Once these pouches are distributed, the operation will shut down again until the next phase for the decennial, called Non-Response Follow Up, which goes by the acronym NRFU. That operation was supposed to start last week. It has been pushed back to August 13.
Time Is Wasting
All this is well and good, Burke-Gonzalez said, but time is wasting.
The further East End response rates fall behind the national one, the harder it will be to get an accurate count. Burke-Gonzalez has years of experience in direct marketing. One possible solution, she believes, is for the town to target each post office box in all of East Hampton with a postcard. The postcard would explain the problem in a couple of sentences, then offer a simple solution to those with internet access: log on to my 2020census.gov, enter your address, and complete the census form.
Tax assessment rolls could also be used as well, with a mailing to each property owner’s address.
Burke-Gonzalez, who is the town board’s liaison for the 2020 Decennial, said she would be discussing possible solutions at the town board’s May 19 virtual meeting.
Counting the homeless is also a major challenge. Behler conceded that, every day that goes past April 1, census day, it becomes more difficult to determine who was living where. Normally the count of the homeless, which is done through a variety of homeless-related agencies and services, such as shelters and mobile food providers for the indigent, is completed in late March. Given the movement of people caused by COVID-19, the Census Bureau is currently adjusting its methodology for counting that segment of the population.

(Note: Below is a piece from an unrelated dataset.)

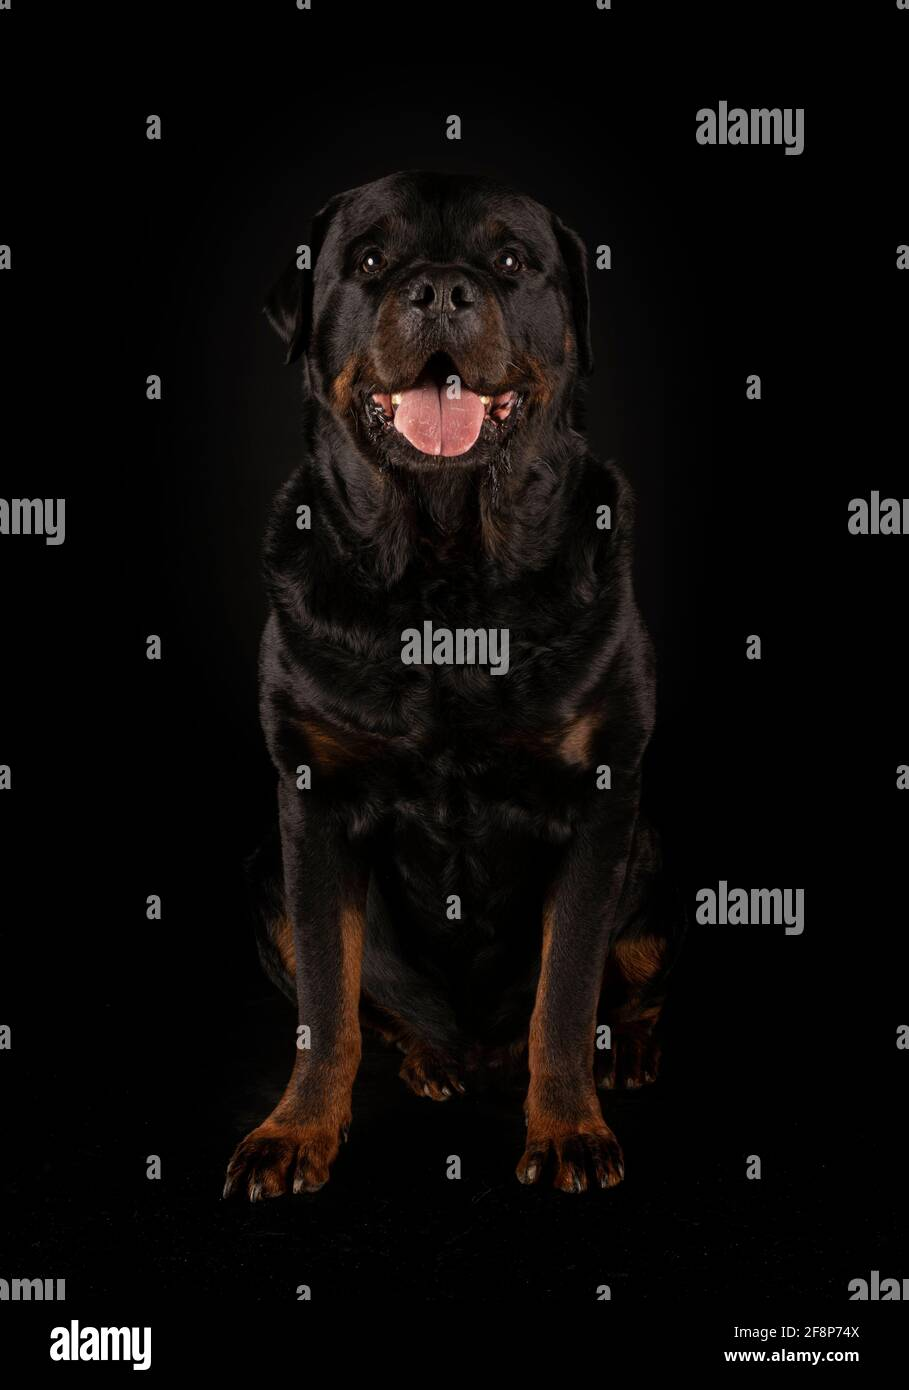 Di razza Rottweiler davanti a sfondo nero Foto Stock

New York City is also a major crisis zone for the census. Areas of the city, such as East Elmhurst and Corona in Queens, have been devastated by COVID-19. “What worries me, in New York City, is that we have so many people who have left. Whether they went out to Long Island, or they went to upstate New York, or Florida.” The city is far behind the rest of the country in response rate. The NRFU operation will be key in getting an accurate count for both the East End and the city.

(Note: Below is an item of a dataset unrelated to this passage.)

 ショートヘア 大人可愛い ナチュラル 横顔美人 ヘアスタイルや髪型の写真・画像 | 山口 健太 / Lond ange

The good news, Behler said, if anything can be construed as good news during a pandemic, is that the Census Bureau knows where the problem areas
are, in terms of response, and can field census takers accordingly.

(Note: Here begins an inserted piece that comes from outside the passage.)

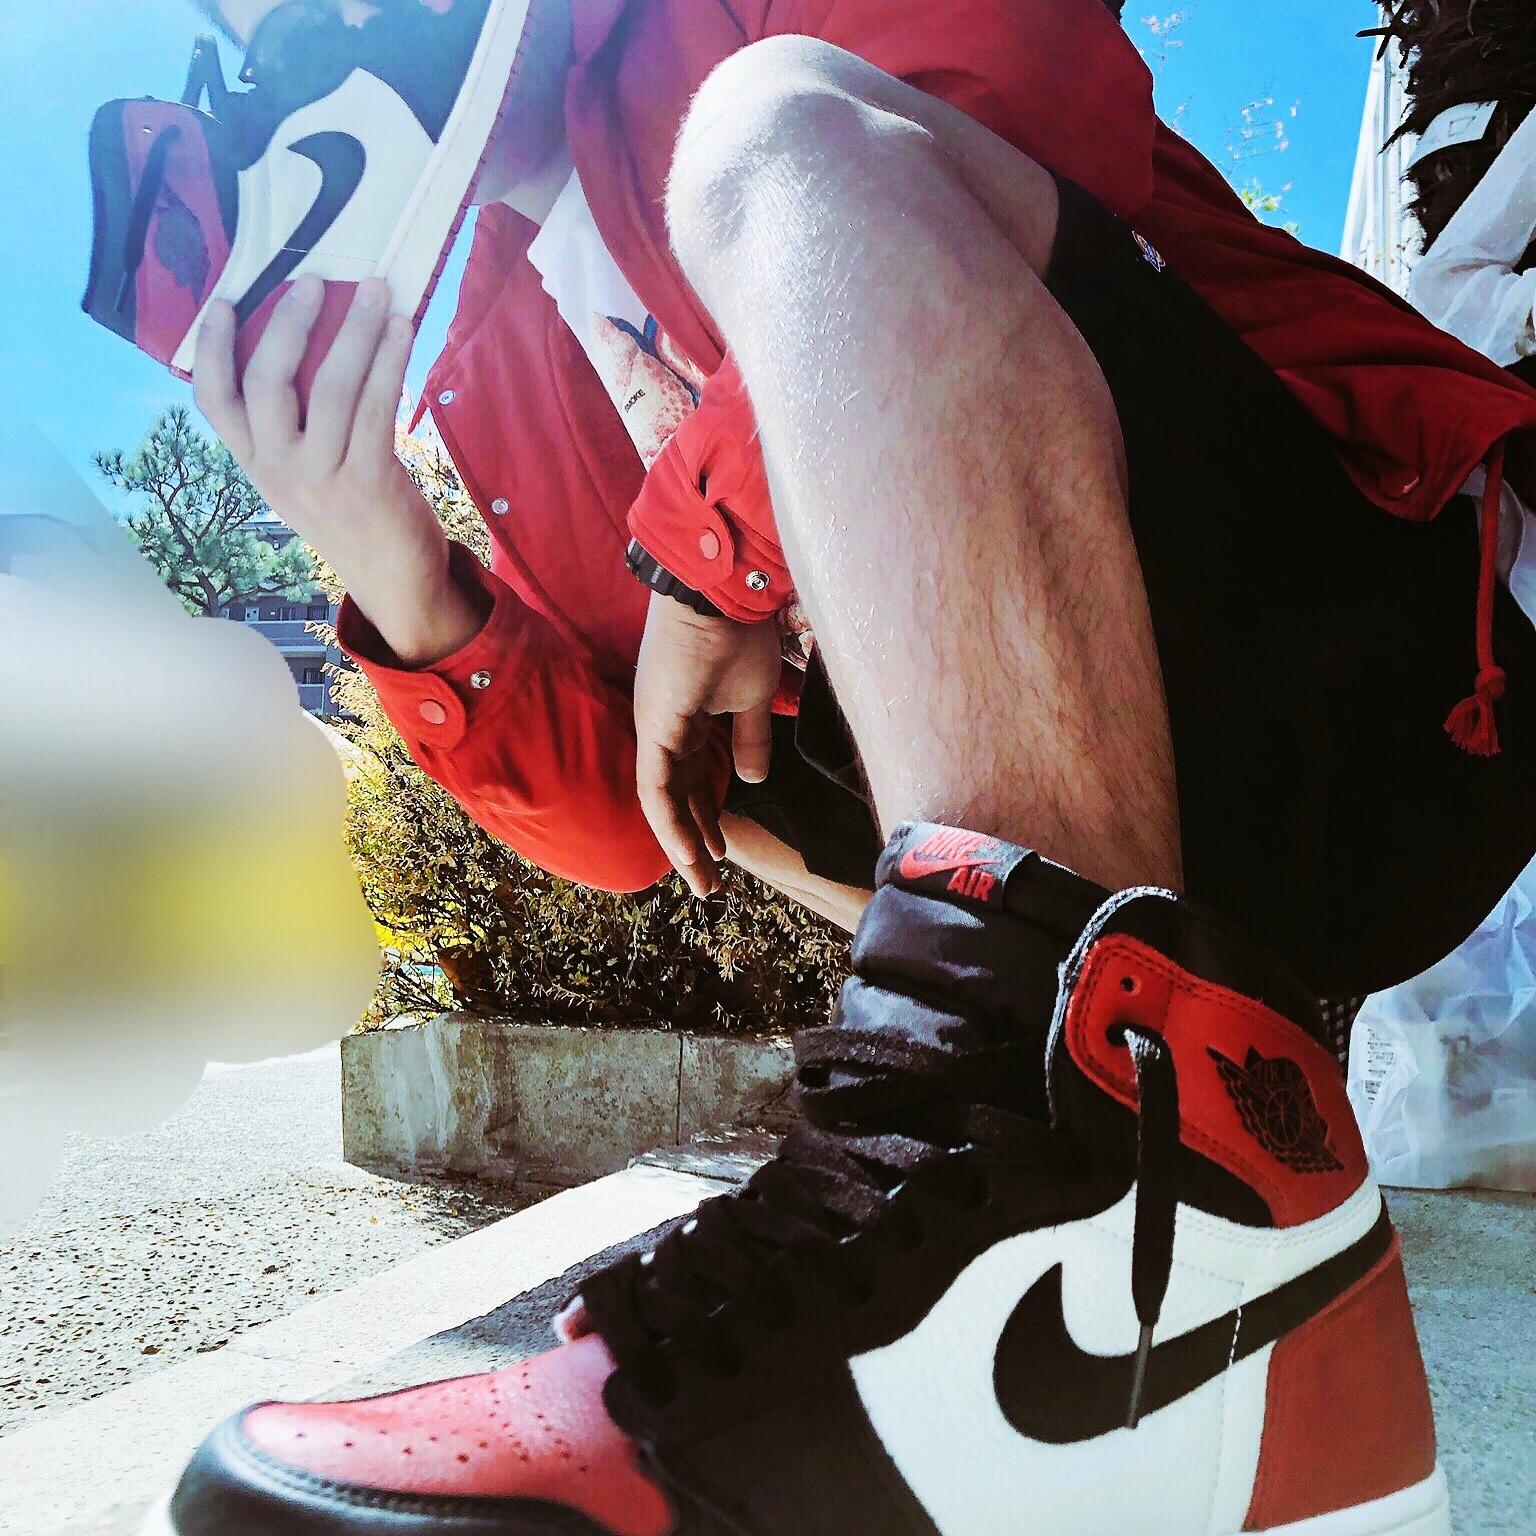 エアジョーダン1 Bred Toeはすごくかっこよくお気に入りの1足です😁履くと

New York City contains neighborhoods that speak multiple languages. In hiring its census takers, the bureau made sure that each language in each area could be spoken by at least some of those hired for the neighborhood, Behler said.
In both the city and on the East End, the bureau is relying on its partnership program. These are community members, “trusted voices,” Behler said, that are essential in the census process in helping people understand and complete the census.
The challenge for the Census Bureau will be to reconstruct where residents should have been on April 1. For example, if someone temporarily moved to a second house in Montauk in March, but normally would have been in Manhattan as of April 1, that is where that person should count themselves. The same is true for students.
At the same time, a census form for the second house should be filled out, indicating that it is a second house.
Person-to-person contact is part of the census process, especially for NRFU. Social distancing will be the rule. Come August, a census taker will knock on a door the bureau believes it has not received a response from, then step back six feet.
The COVID-19 world presents a challenge to completing the census, but, Behler believes, it is a challenge that can be met.